#### Requirement:
Please reproduce all of the data exactly as it appears, but skip the pictures.

#### Provided material:
···

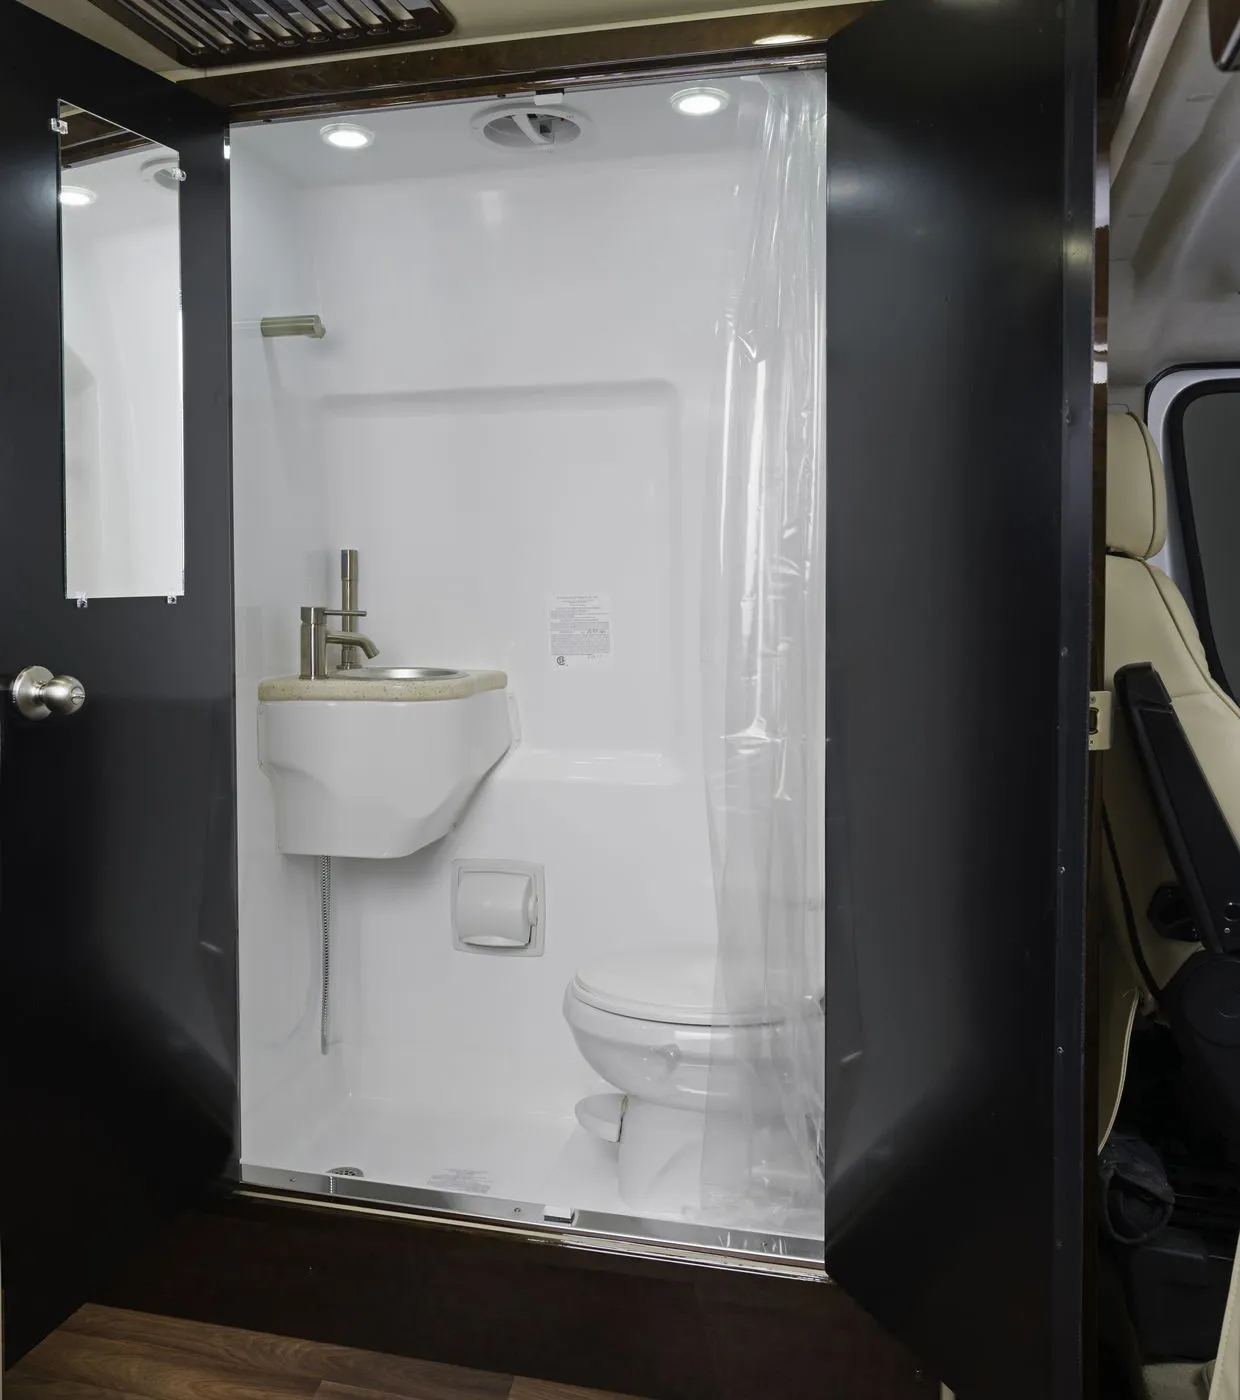 The Smallest Rvs With Shower And Toilet, Small Rv Bathtub
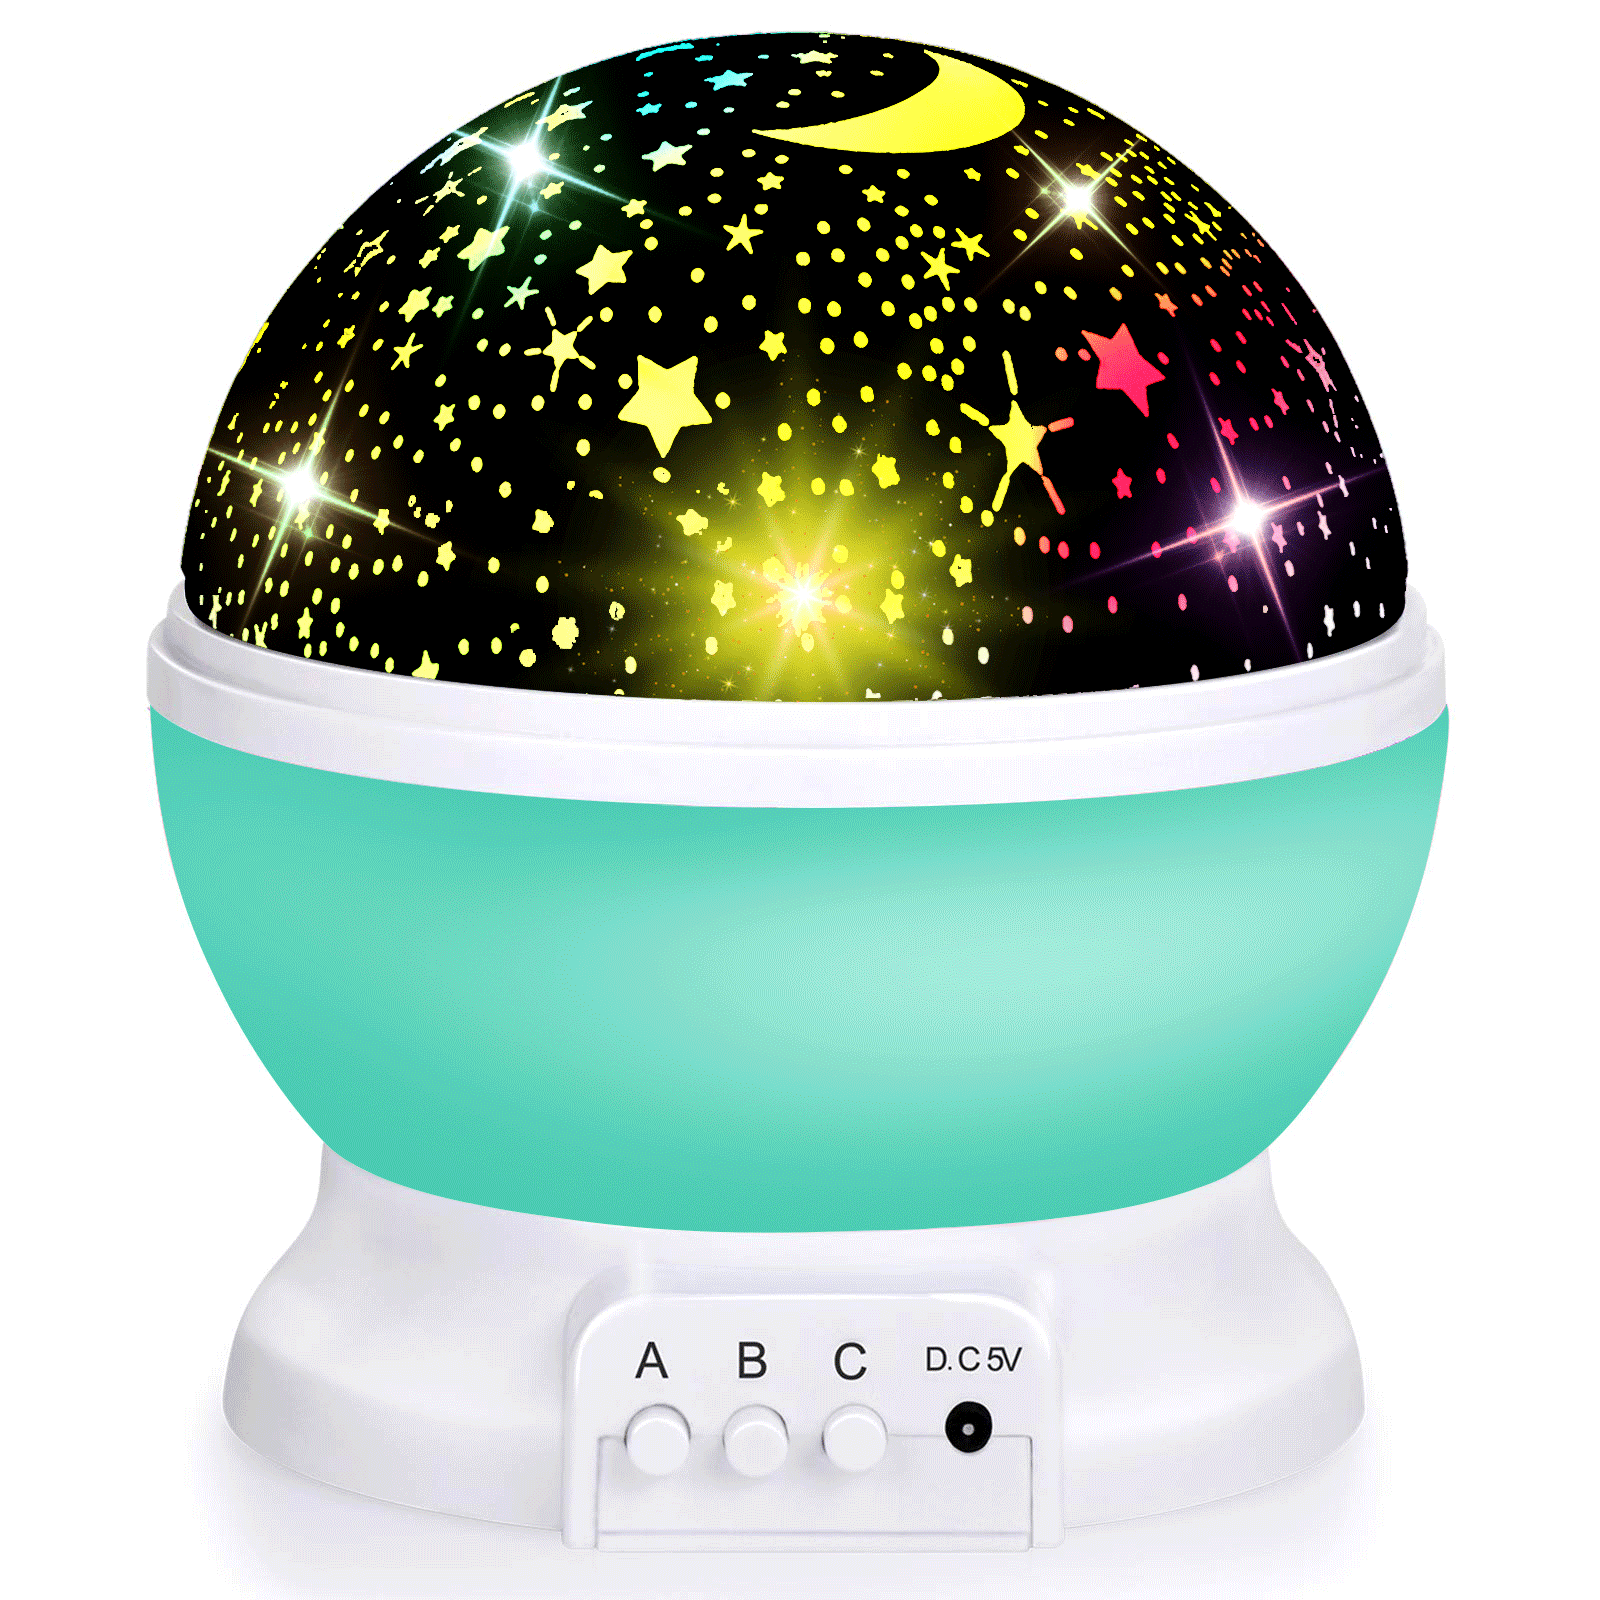 Star Projector Starry LED Night Light, 360 Degree Rotating Moon Sky Night  Lamp for Adult Kids Sleep, Best Toys Christmas Gifts - Walmart.com
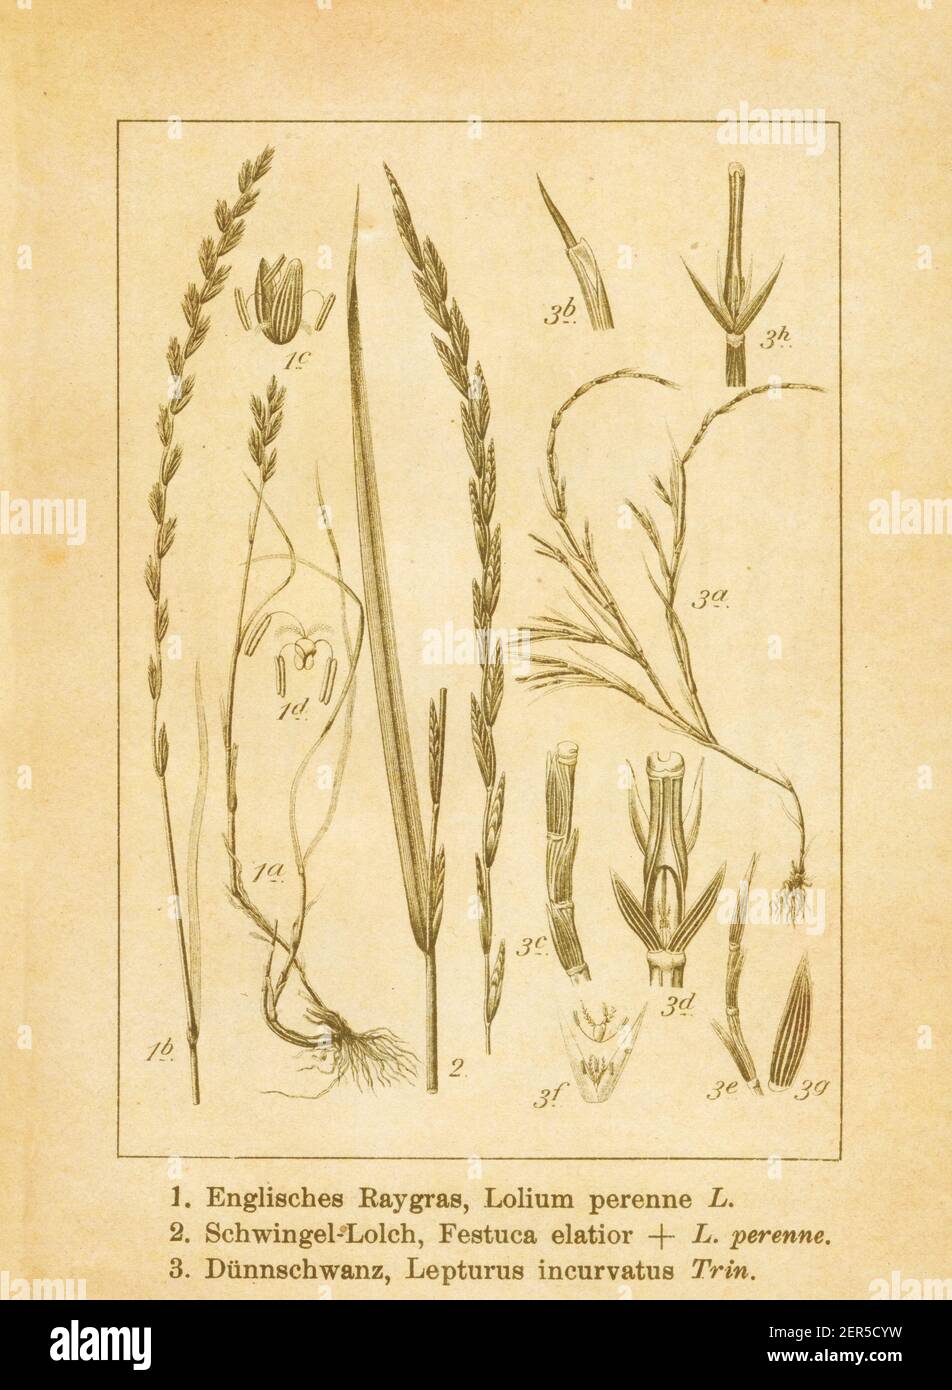 Antique illustration of lolium perenne (also known as perennial ryegrass), festuca elatior (also known as tall fescue) and lepturus incurvatus (also k Stock Photo

···

#### Output below:
 The Smallest Rvs With Shower And Toilet, Small Rv Bathtub
 Star Projector Starry LED Night Light, 360 Degree Rotating Moon Sky Night  Lamp for Adult Kids Sleep, Best Toys Christmas Gifts - Walmart.com
 Antique illustration of lolium perenne (also known as perennial ryegrass), festuca elatior (also known as tall fescue) and lepturus incurvatus (also k Stock Photo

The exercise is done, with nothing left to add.